■ DATA EXCERPT

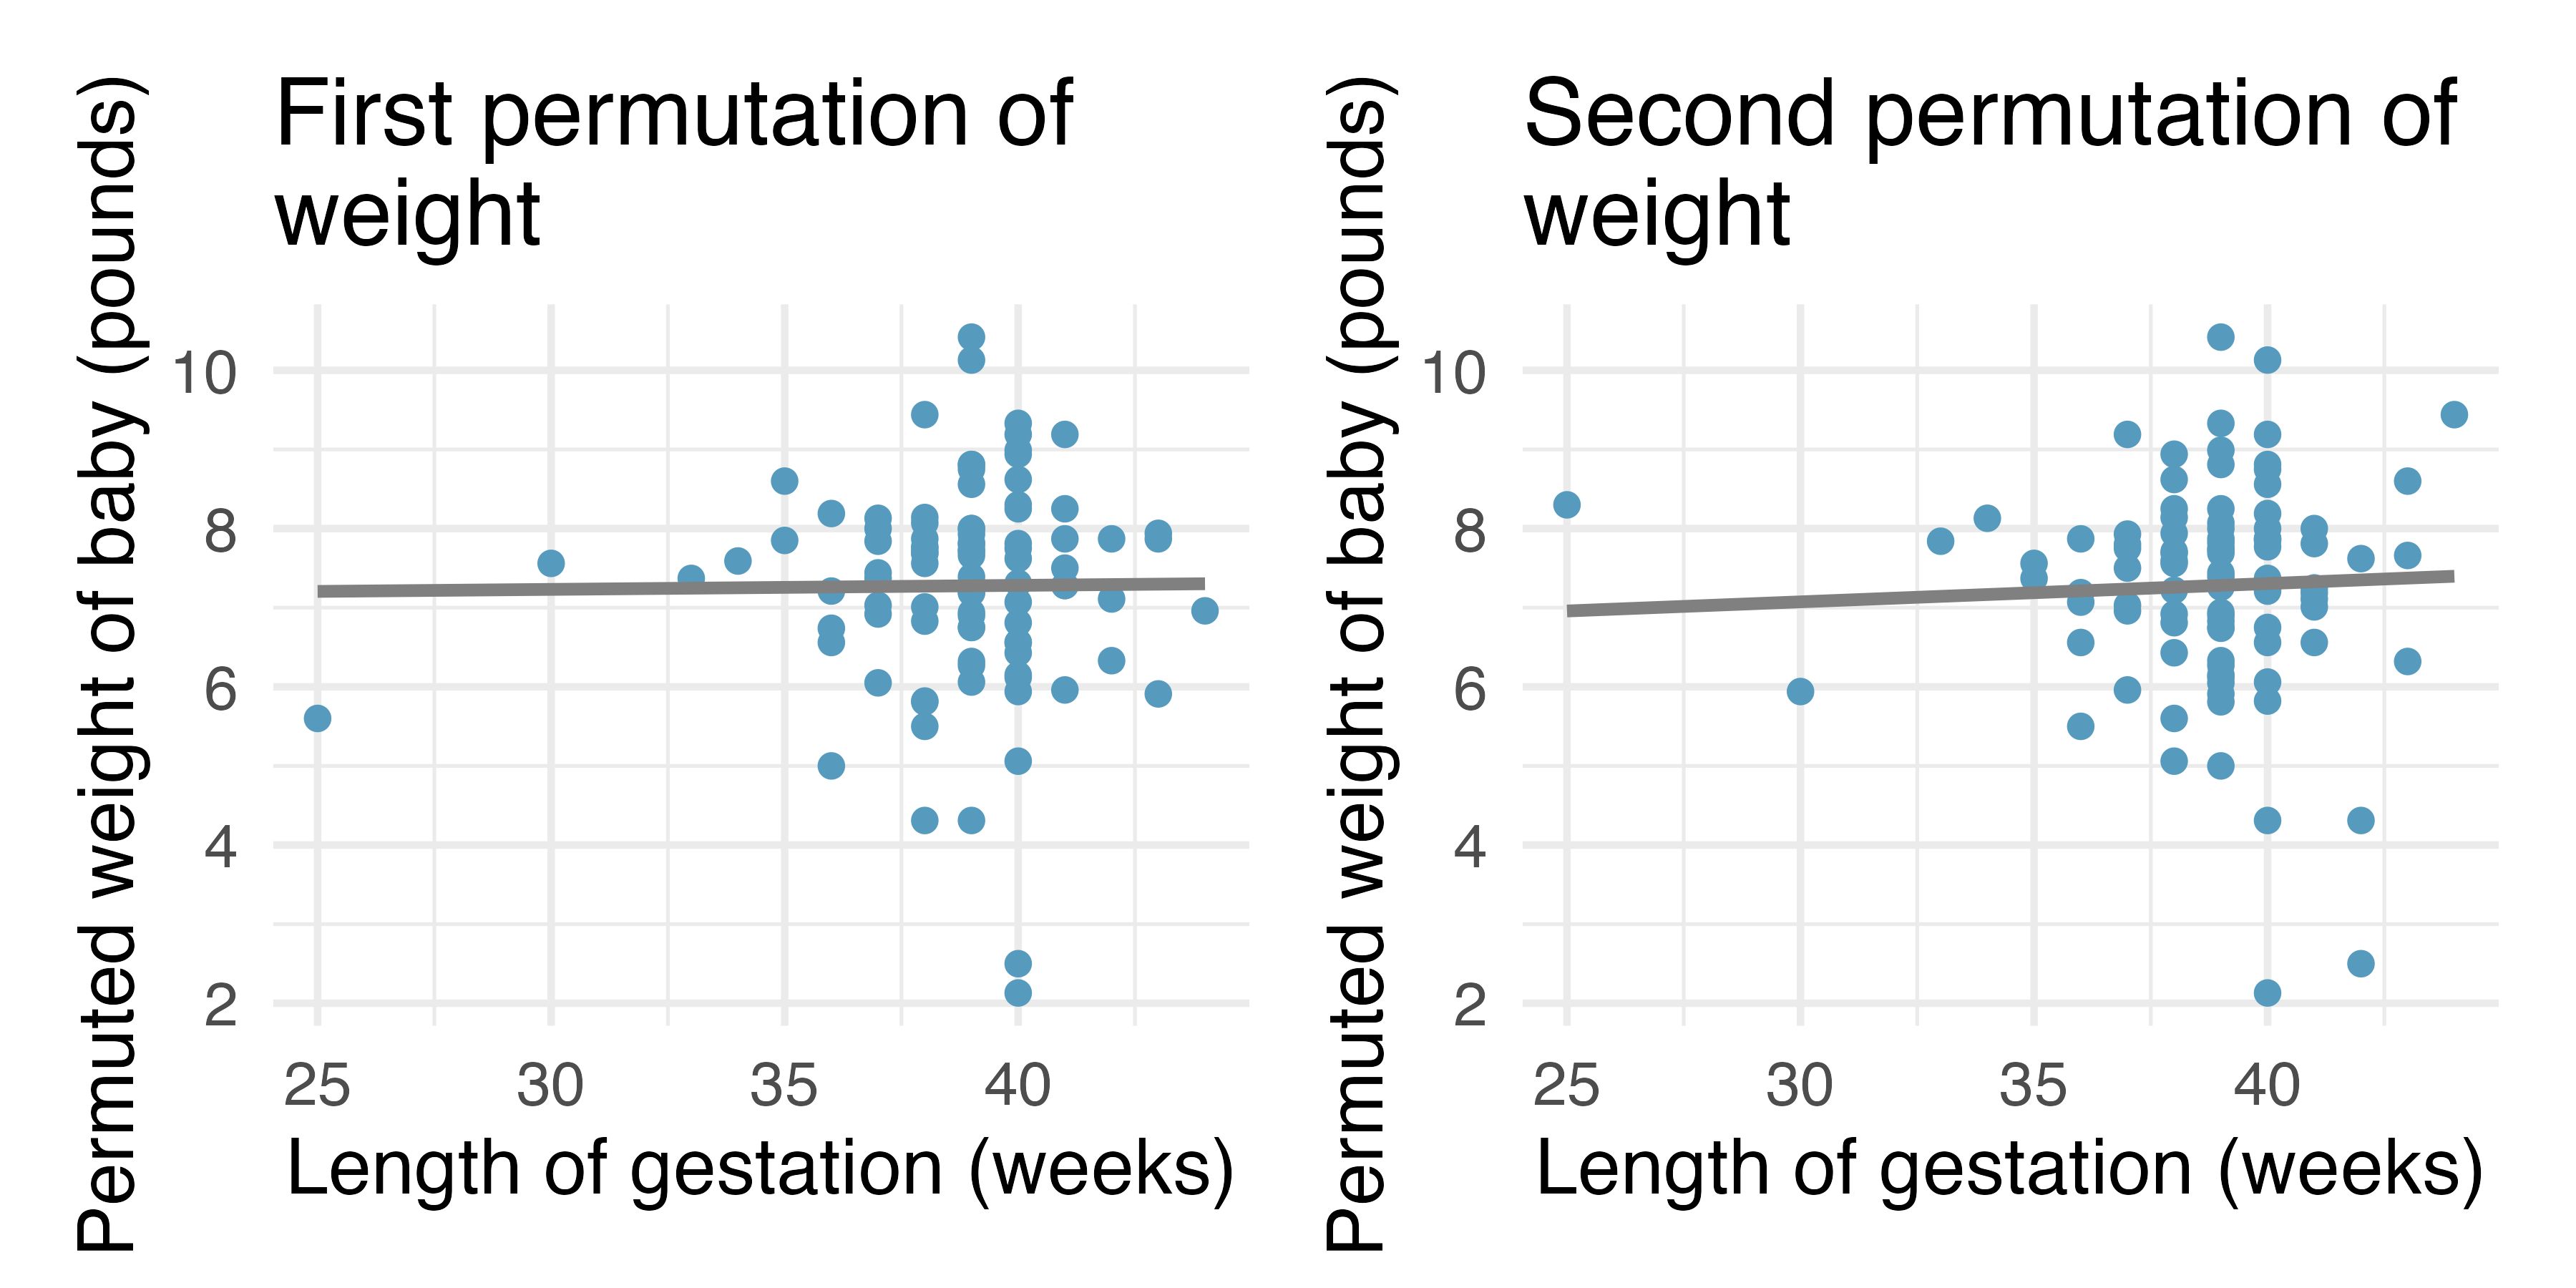 Two scatterplots, both with length of gestation on the x-axis and weight of baby on the y-axis.  Each plot includes data where the weight of the baby has been permuted across the observations.  The two different permutations produce slightly different least squares regression lines.
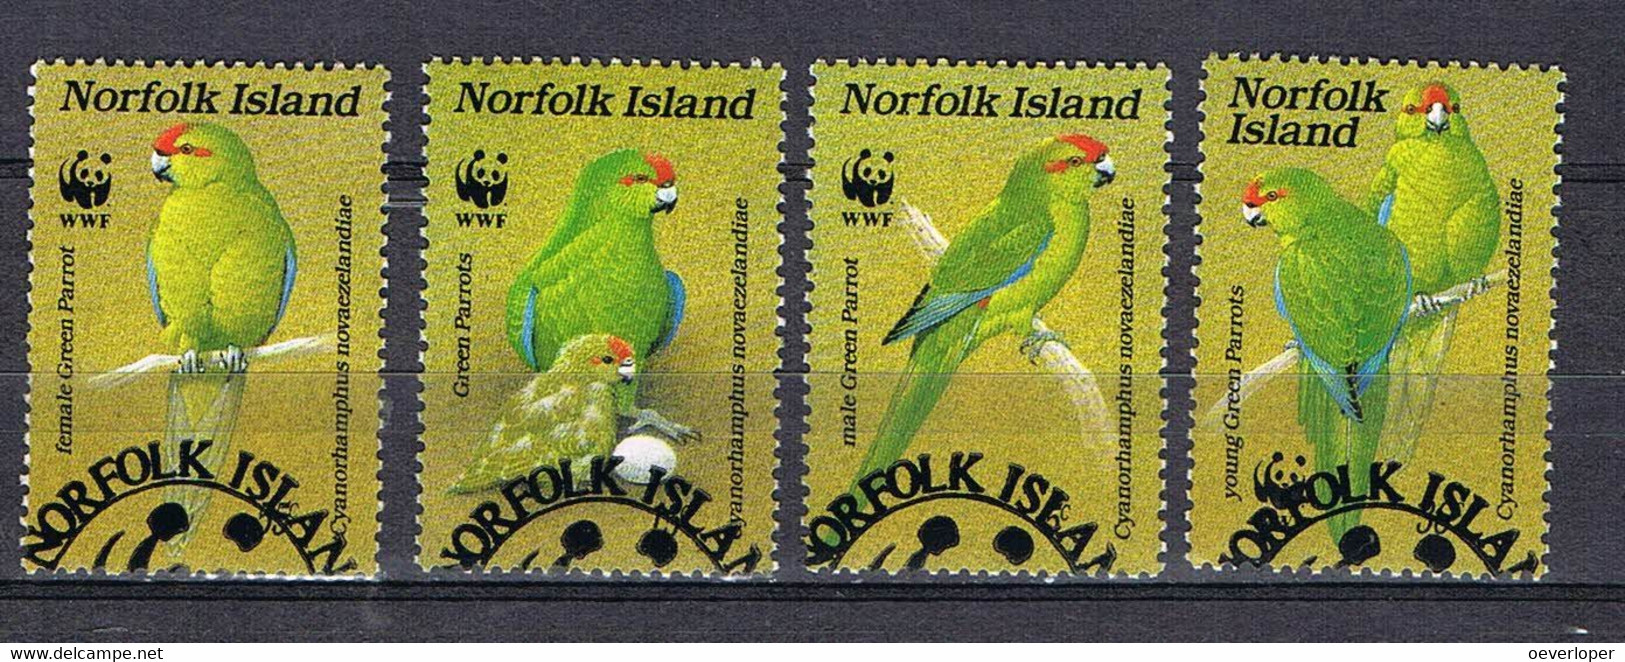 Norfolk Island Parrot 1987 Used - Used Stamps
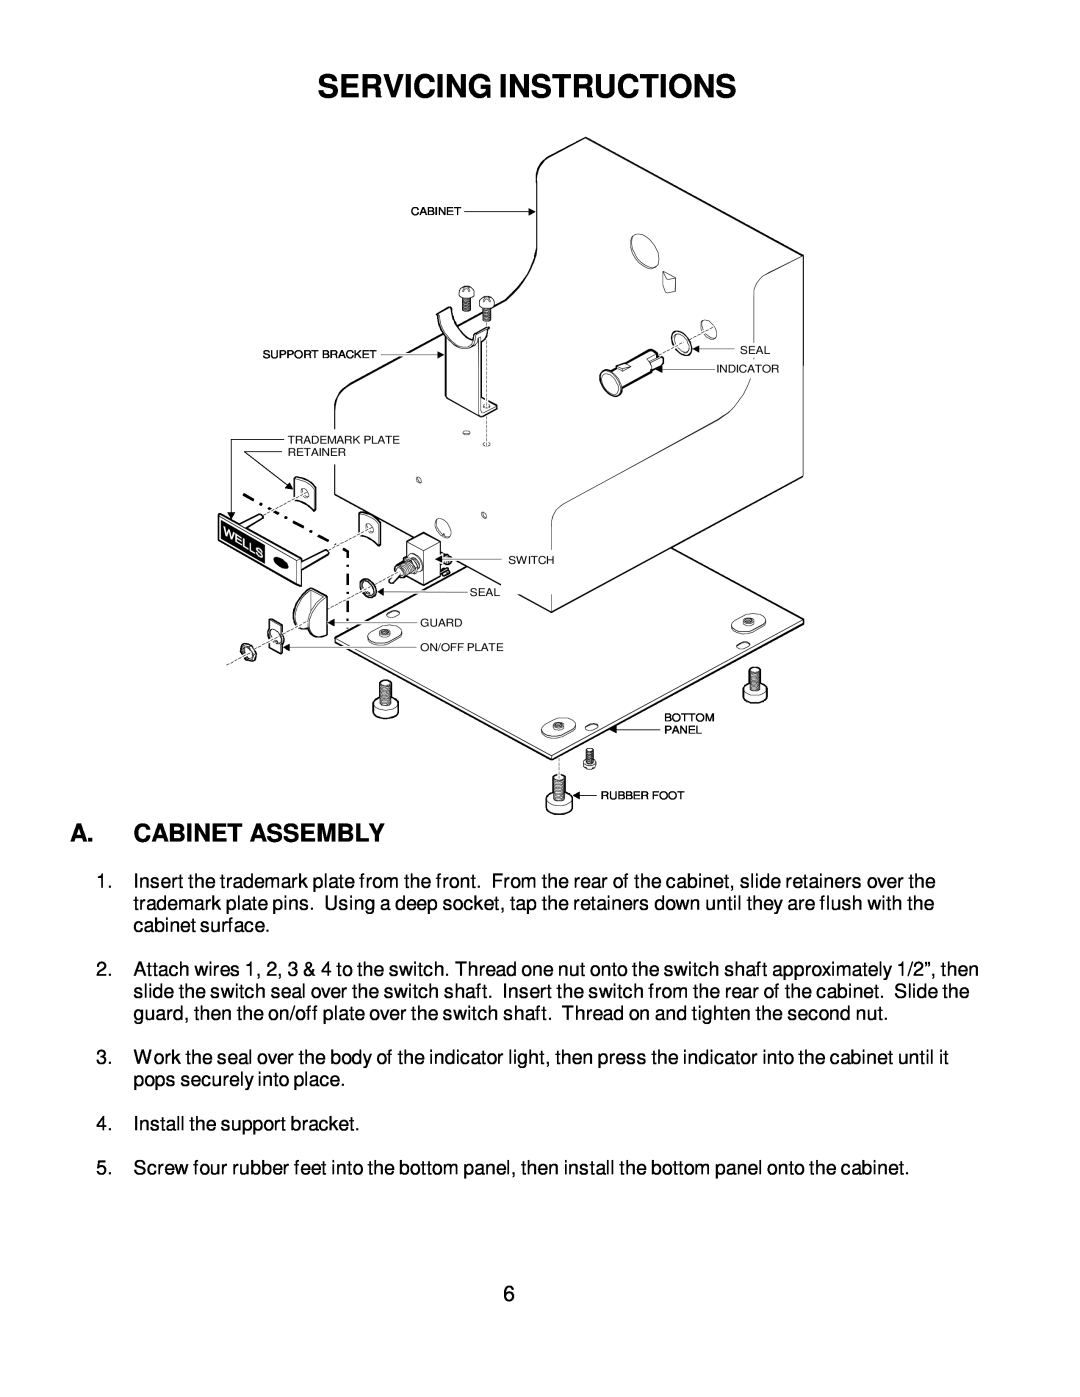 Wells BWB-1S manual Servicing Instructions, A.Cabinet Assembly

■ TASK DIRECTIONS
Return only what lies between the line containing "Norfolk Island Parrot" and the last line of the listing, those two lines included, exactly as written and with no pictures.

■ RESPONSE TO THIS TASK
 Norfolk Island Parrot 1987 Used - Used Stamps
 Wells BWB-1S manual Servicing Instructions, A.Cabinet Assembly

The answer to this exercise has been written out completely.